How to complete this task: Each line between the one holding "Emerica Reynolds 3 G6 Vulc Shoes" and the end of the material below, both included, is to be transcribed word for word, with pictures left out.

Material provided:
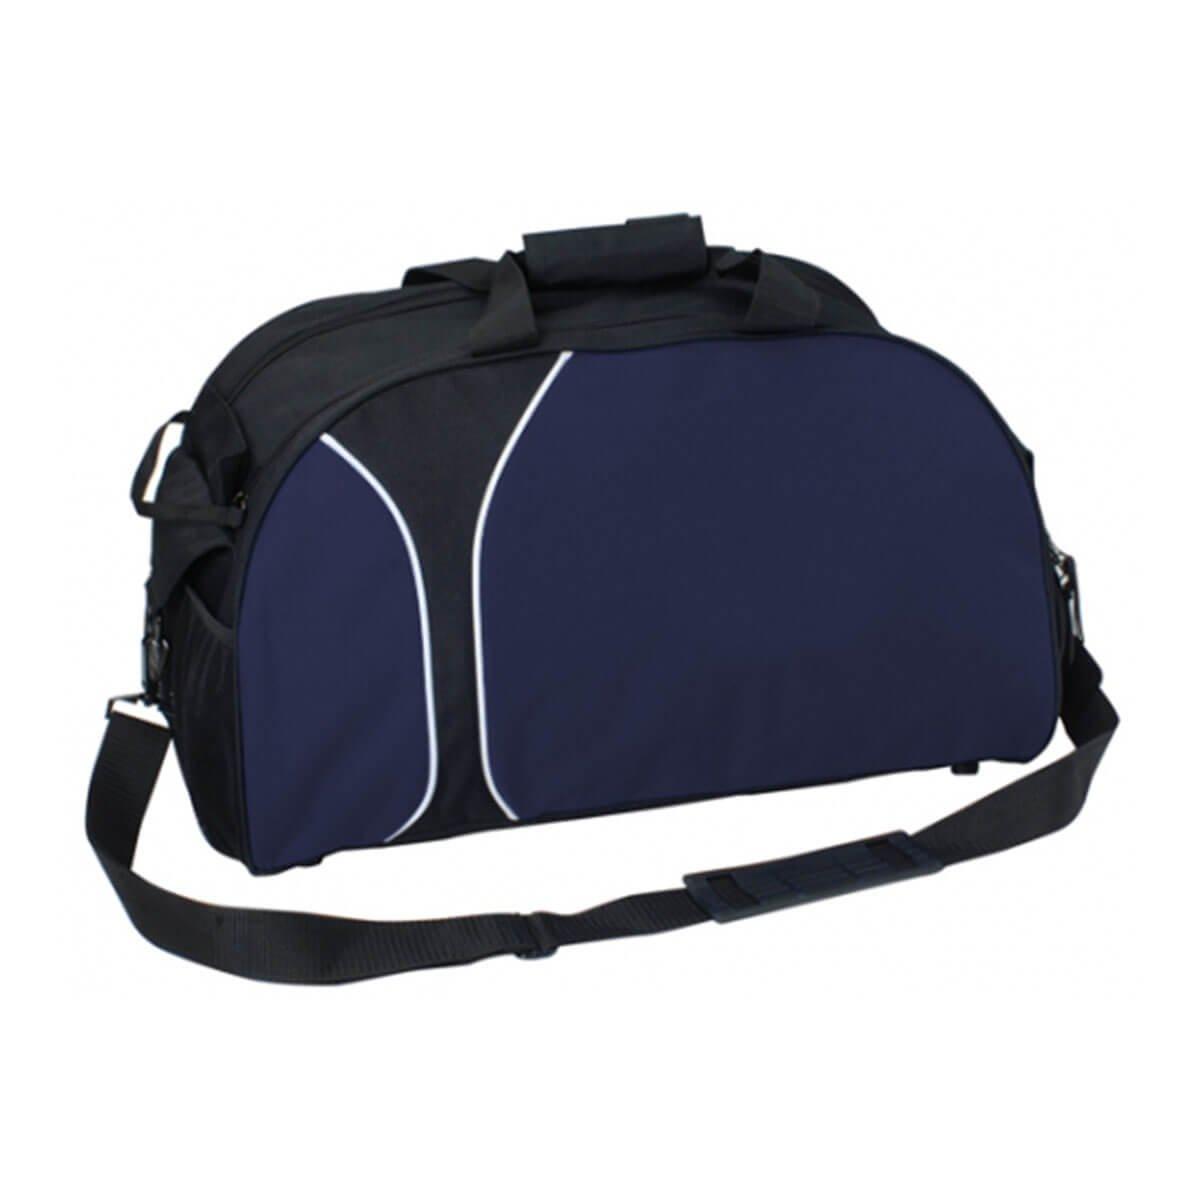 Travel Sports Bag-Black / Navy
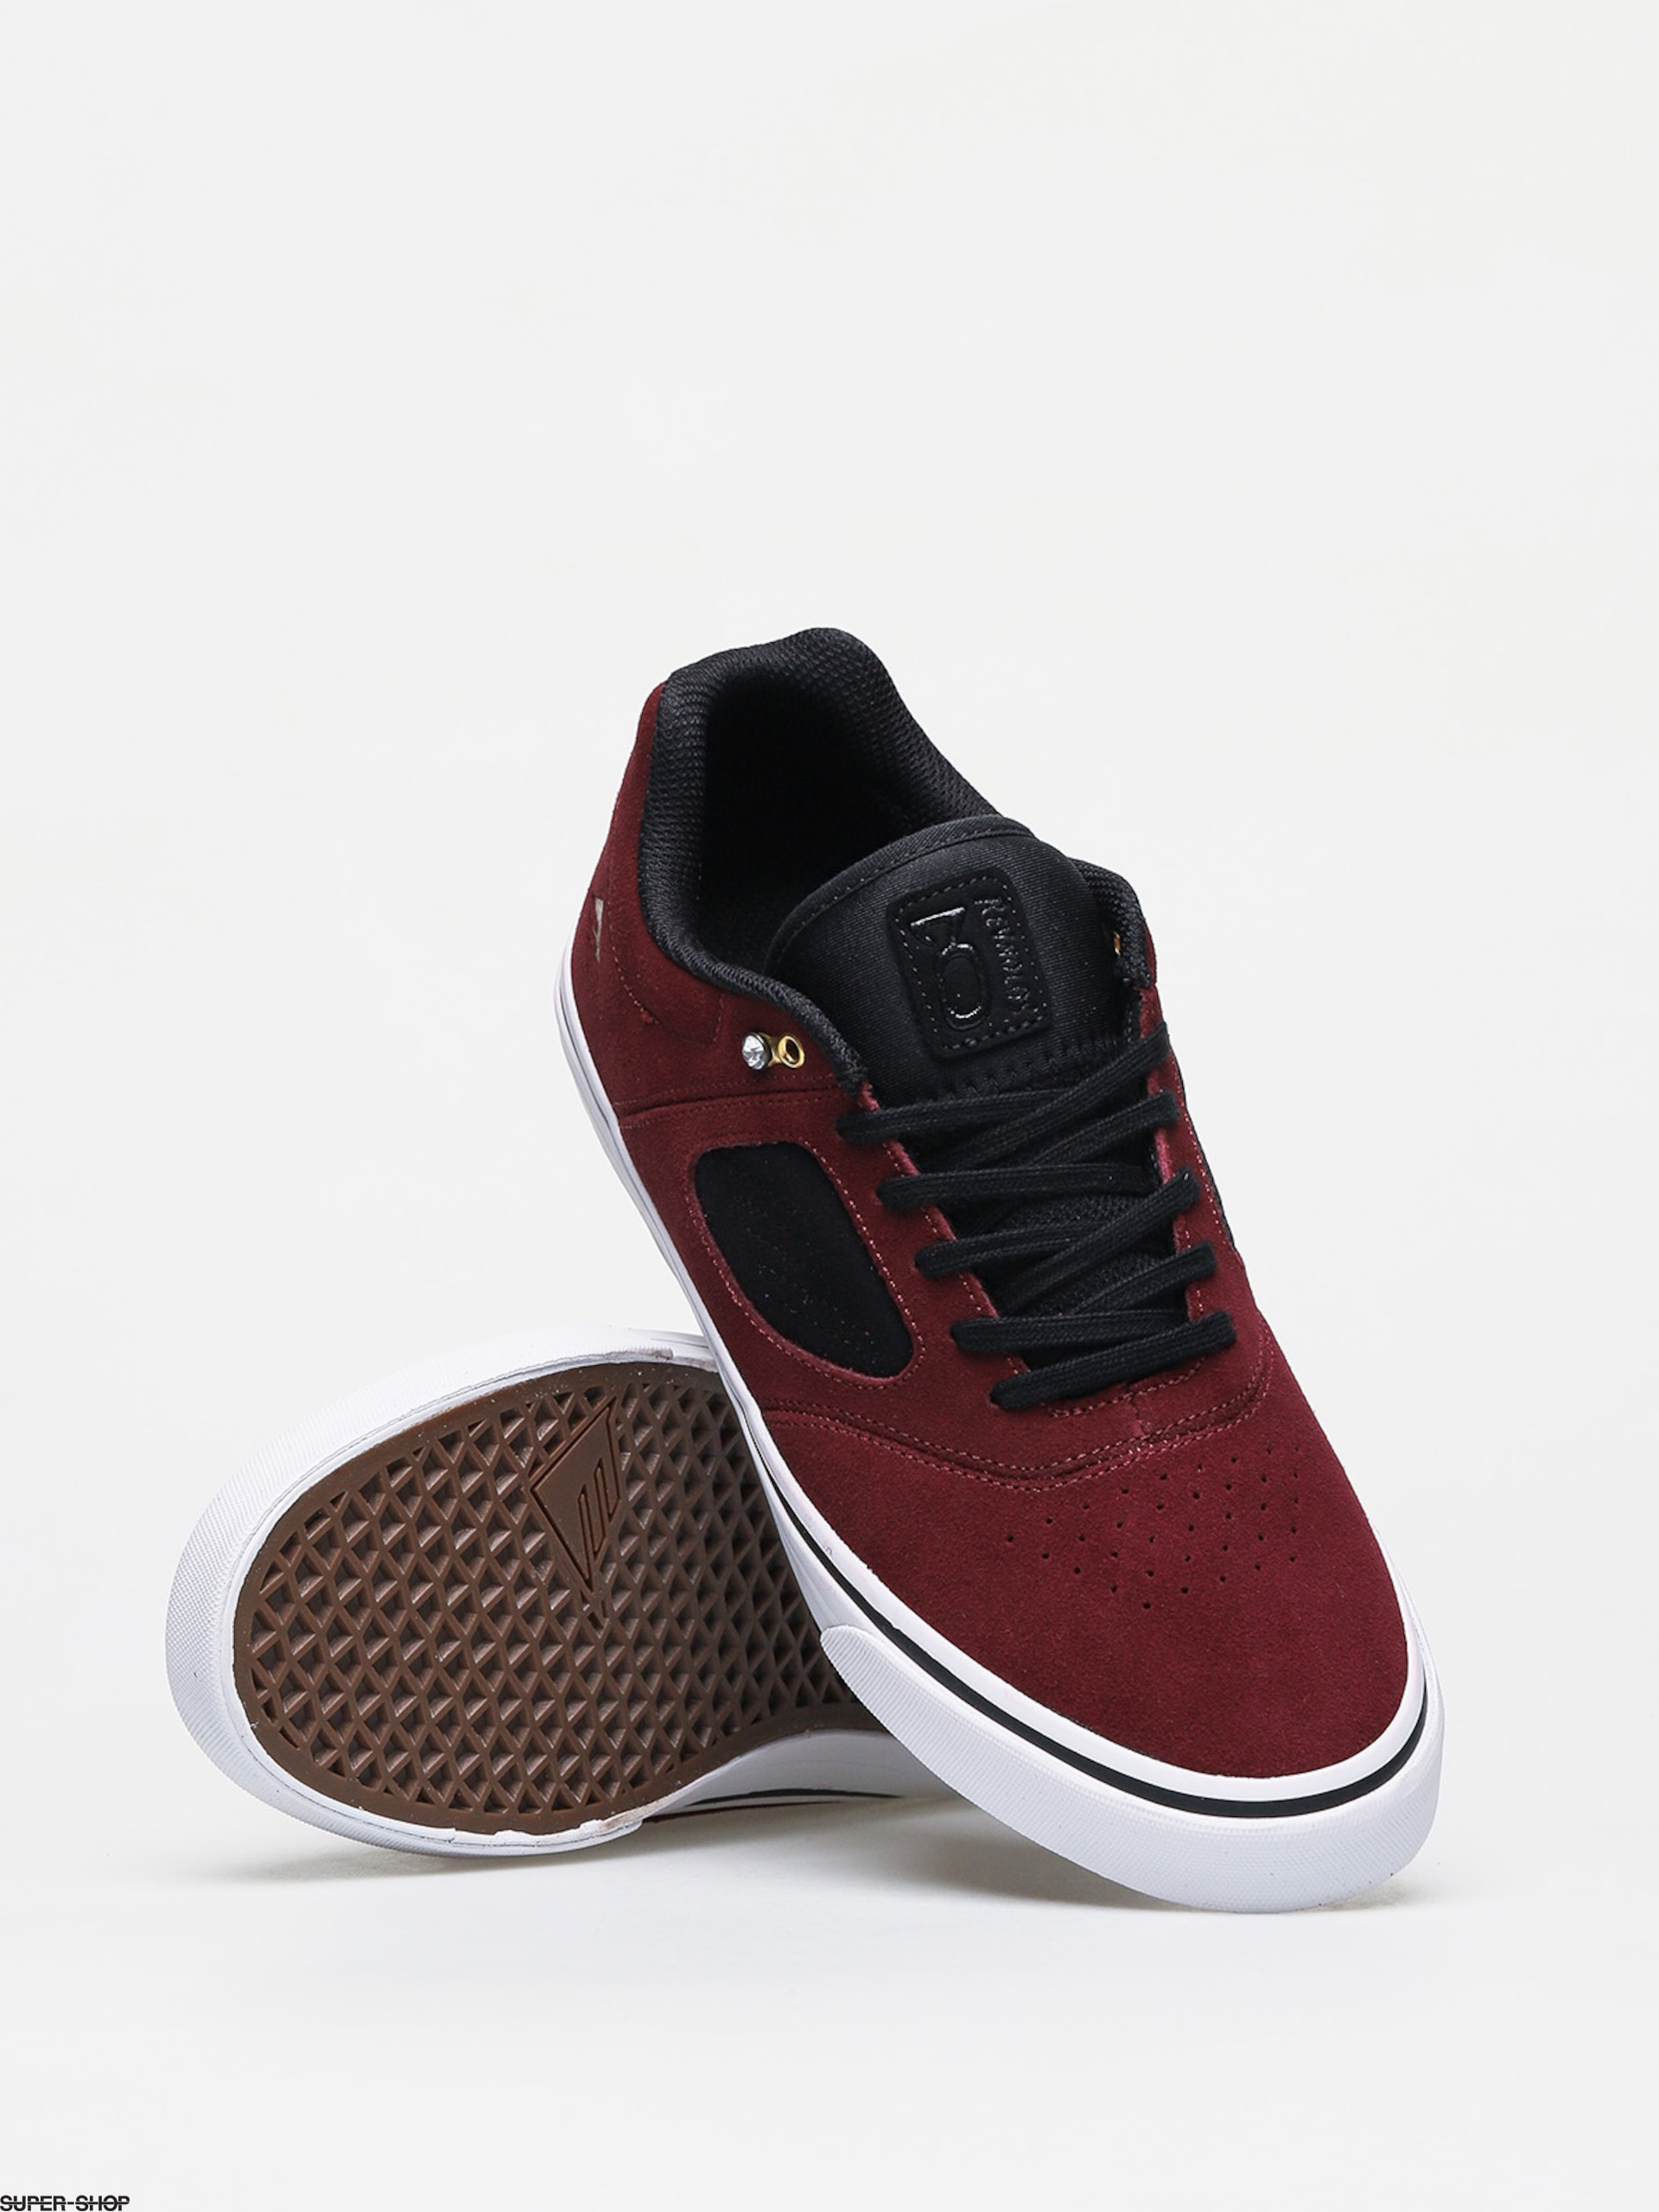 Emerica Reynolds 3 G6 Vulc Shoes
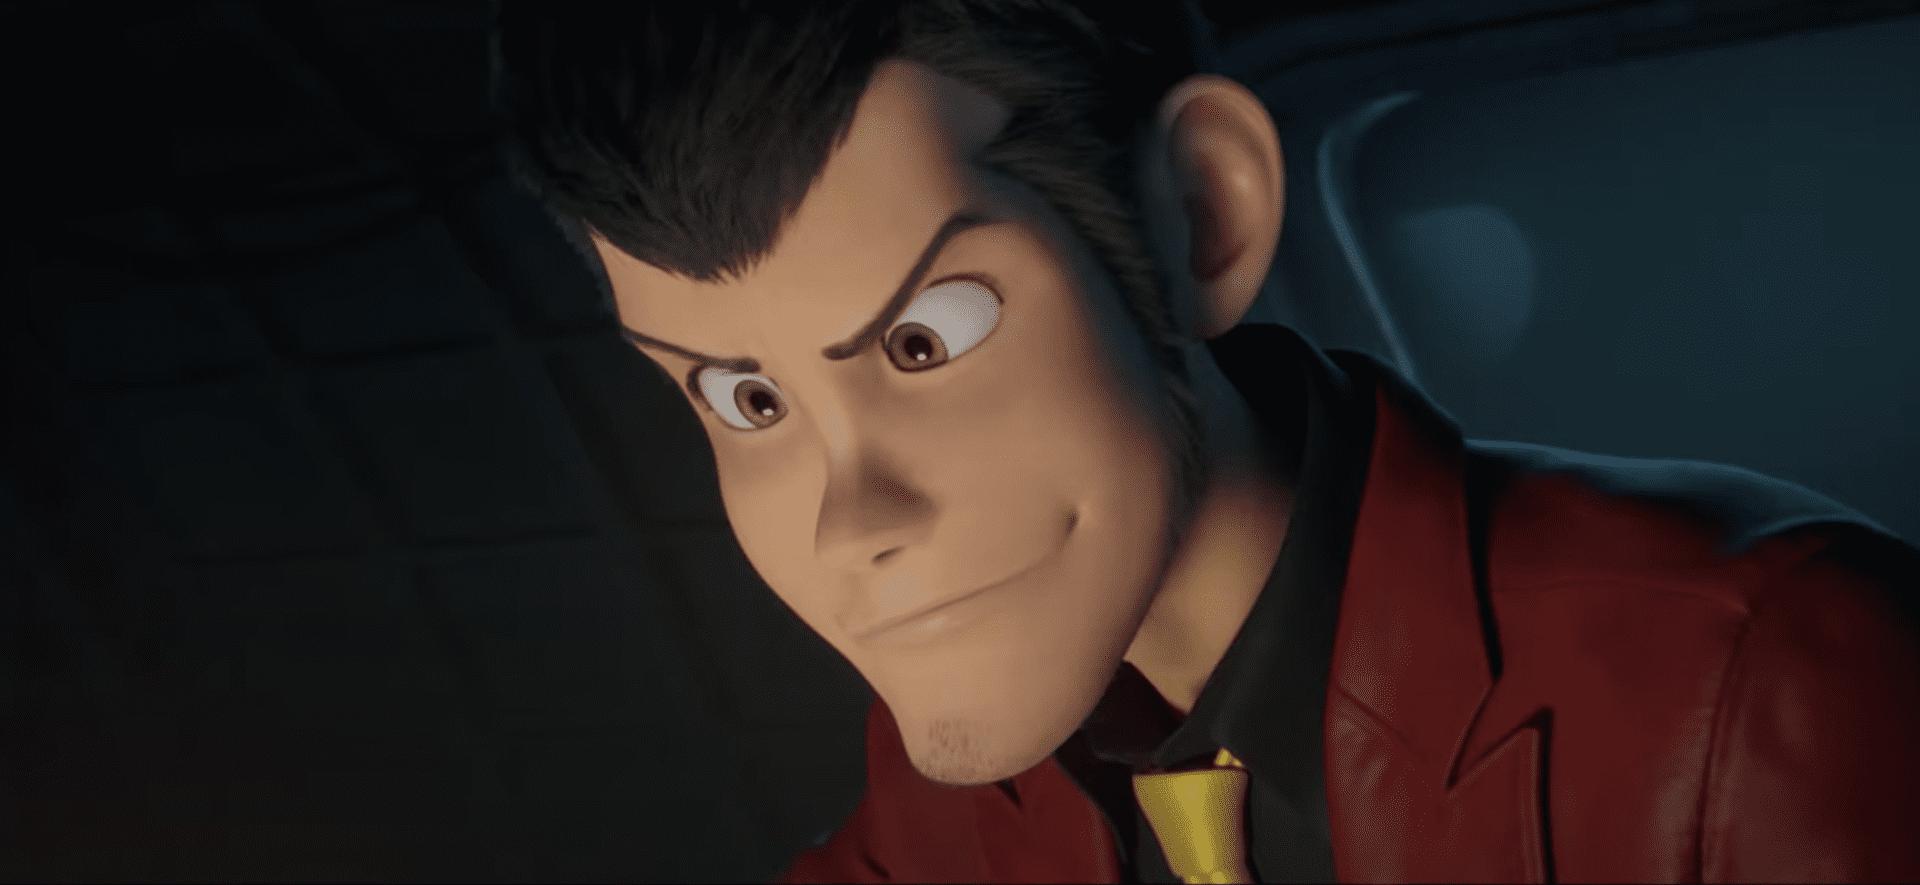 Lupin III The First, English dub teaser trailer

Exercise result:
 Emerica Reynolds 3 G6 Vulc Shoes
 Lupin III The First, English dub teaser trailer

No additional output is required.